SearchSpace *SearchSpace
// Seed for reproducibility. Zero means non-deterministic.
Seed uint64
}
SignalSearchConfig holds configuration for a NAS search over time-series signal model architectures.
type SignalSearchOutput ¶
type SignalSearchOutput struct {
// Best is the result with the lowest validation loss across all trials.
Best SignalSearchResult
// AllResults contains results from every trial.
AllResults []SignalSearchResult
// ExportConfig is the GGUF export configuration derived from the search config.
ExportConfig ExportConfig
}
SignalSearchOutput holds the complete output of RunSignalNAS.
func RunSignalNAS ¶
func RunSignalNAS(ctx context.Context, cfg SignalSearchConfig, data SignalDataProvider) (*SignalSearchOutput, error)
RunSignalNAS runs the full NAS search pipeline for time-series signal models. It performs multiple DARTS trials, discretizes the best architecture, and returns a result ready for GGUF export.
type SignalSearchResult ¶
type SignalSearchResult struct {
// Trial is the 0-based trial index.
Trial int
// Arch is the discretized architecture discovered in this trial.
Arch *DiscretizedArch
// Metric is the evaluation metric value (lower is better for loss,
// higher is better for Sharpe ratio depending on usage).
Metric float64
// FinalLoss is the validation loss at the end of the search.
FinalLoss float64
}
SignalSearchResult holds the result of a NAS search trial.
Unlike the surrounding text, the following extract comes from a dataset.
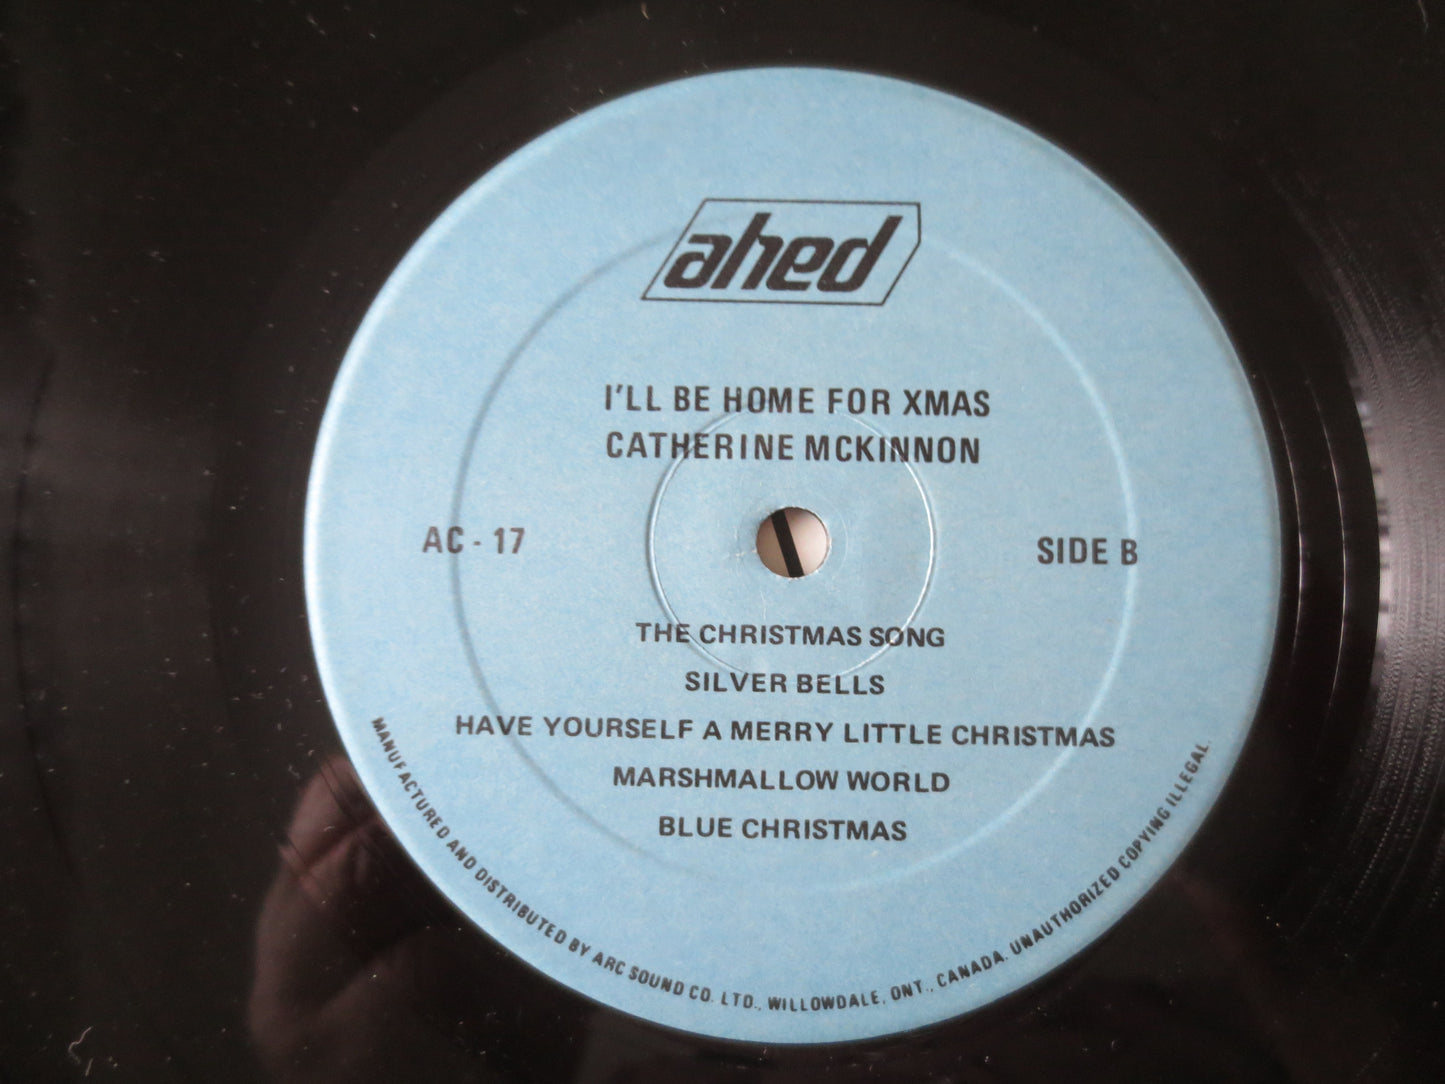 CHRISTMAS, HOME for CHRISTMAS, Christmas Songs, Christmas Carols, Christmas Hymns, Vinyl lps, Christmas lps, 1966 Records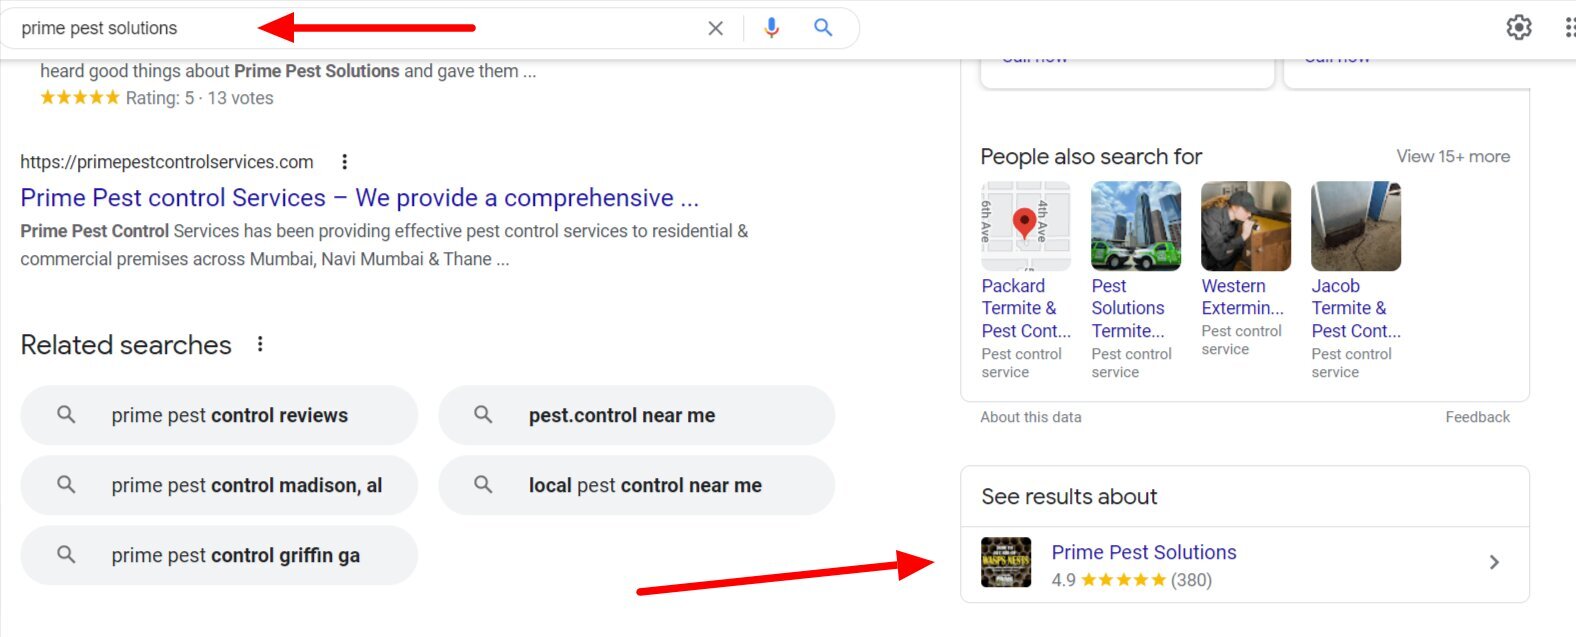 prime-pest-solutions-Google-Search.jpg

type Solution ¶ added in v1.8.0
type Solution struct {
// Cell is the architecture this solution represents.
Cell Cell
// Scores holds the objective value for each objective, in the same order
// as the objectives slice passed to SearchMultiObjective.
Scores []float64
// Rank is the non-domination rank (0 = Pareto front, 1 = second front, etc.).
Rank int
// CrowdingDistance measures how isolated this solution is in objective space.
CrowdingDistance float64
}
Solution represents a single candidate solution evaluated on all objectives.